Strengthening of Alloys

Strengthening of the alloys is required as metals become weak due to various lattice defects, metal bonding phenomena. The strength of the metals is not enough for any mechanical work. The internal dislocations of any metals arise due to forming processes. Due to the movement of these dislocations, the metals are plastically deformed.

Question

**Problem: Isothermal transformation diagram for an iron–carbon alloy of eutectoid composition (0.76 wt% C).** Assume that the specimen begins at 760°C and that it has been held at this temperature long enough to have achieved a complete and homogeneous austenitic structure.

1. **Sketch the following treatment on the figure:** Rapidly cool to 575°C, hold for 20s, rapidly cool to 350°C, hold for 100s, then quench to room temperature. Specify microconstituents with percentage.

2. **Sketch the following treatment on the figure:** Rapidly cool to 600°C, hold 4s, rapidly cool to 450°C, hold for 10s, and rapidly cool to room temperature. Specify microconstituents with percentage.

3. **Sketch the following treatment on the figure:** Rapidly cool to 450°C, hold 10s, rapidly cool to room temperature, heat to 680°C, hold 30hrs, and cool to room temperature. Specify microconstituents with percentage.

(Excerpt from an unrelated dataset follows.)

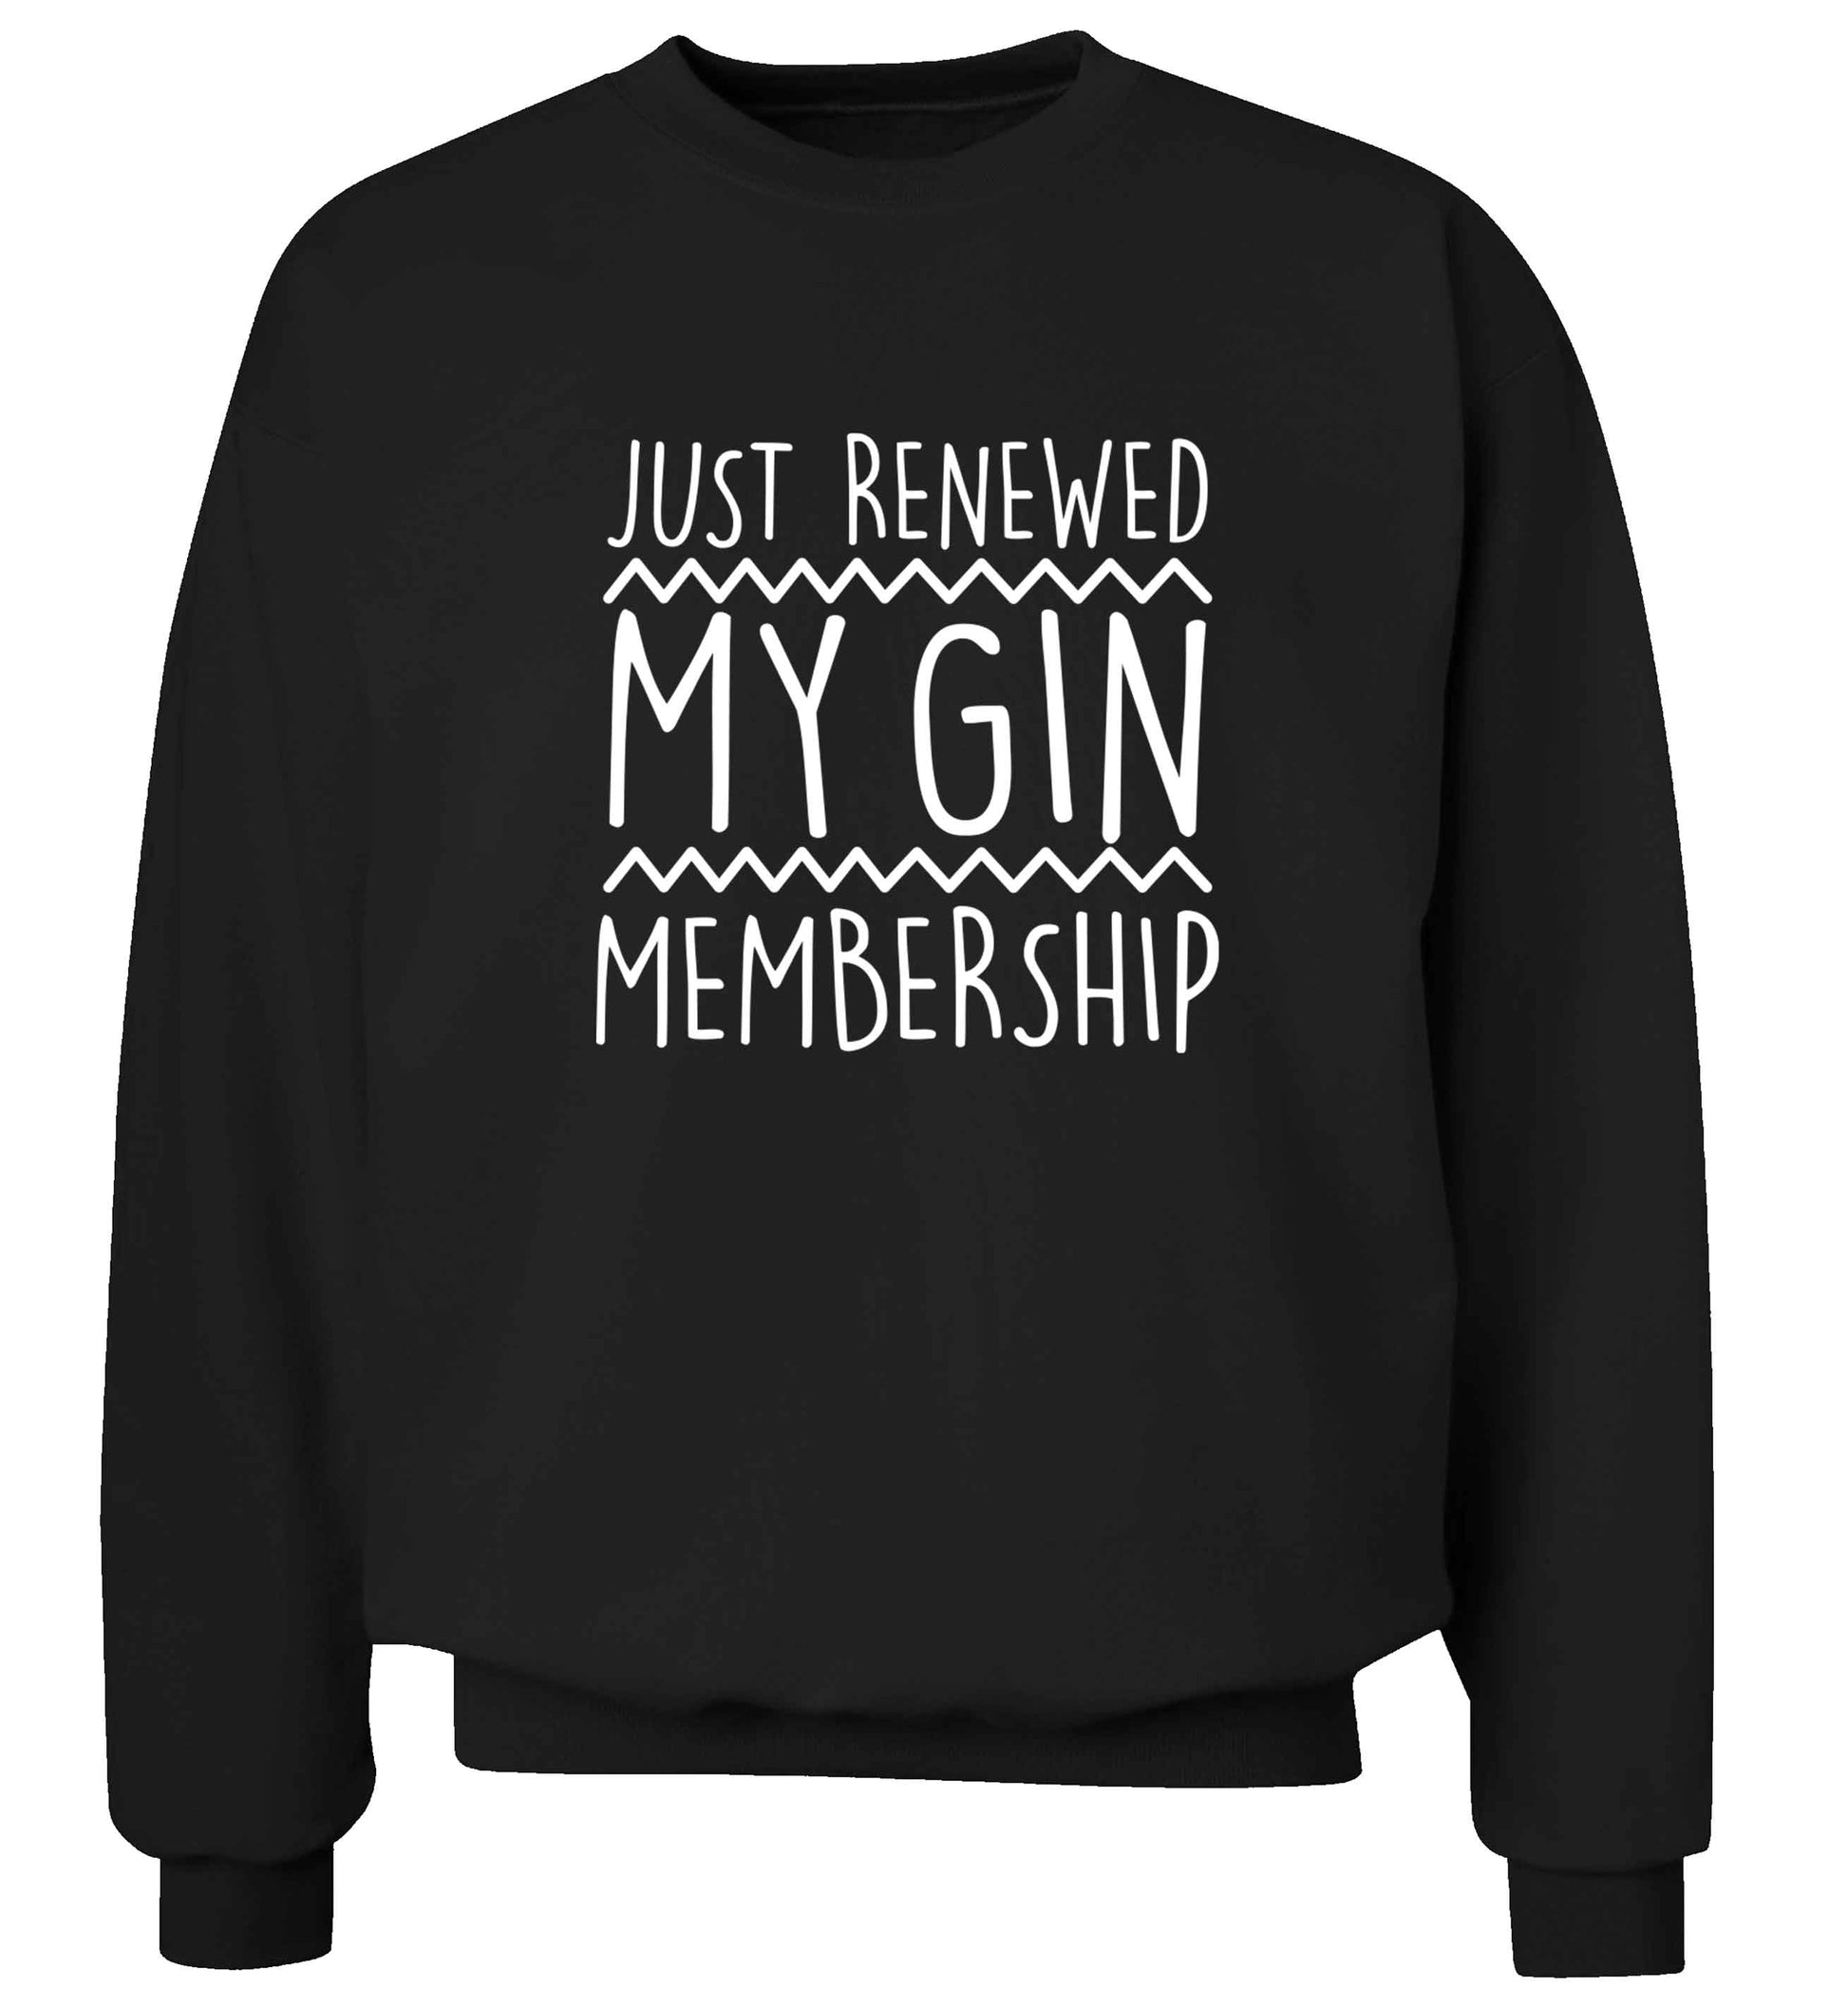 Just renewed my gin membership adult's unisex black sweater 2XL

4. **Rank from the highest to the lowest hardness:**
- (a) 0.2 wt% C with spheroidite
- (b) 0.2 wt% C with fine pearlite
- (c) 0.76 wt% C with fine pearlite
- (d) 0.76 wt% C with tempered martensite

**Diagram Explanation:**

- The graph is an isothermal transformation diagram, showing the temperature in degrees Celsius on the vertical axis and the time in seconds on the horizontal axis.
- The diagram includes several curves illustrating the transformation boundaries for different microstructures: austenite (A), pearlite (P), and bainite (B).
- The blue curves represent the start and finish lines for pearlite and bainite transformations.
- Red lines indicate the martensite start (M(start)) and transformation percentages from 50% (M(50%)) to 90% (M(90%)).
- The gray dotted line marks the eutectoid temperature.
- Labels within different zones indicate the phases present in each region, such as A (austenite), P (pearlite), and B (bainite), as well as mixtures like M + A (martensite and austenite).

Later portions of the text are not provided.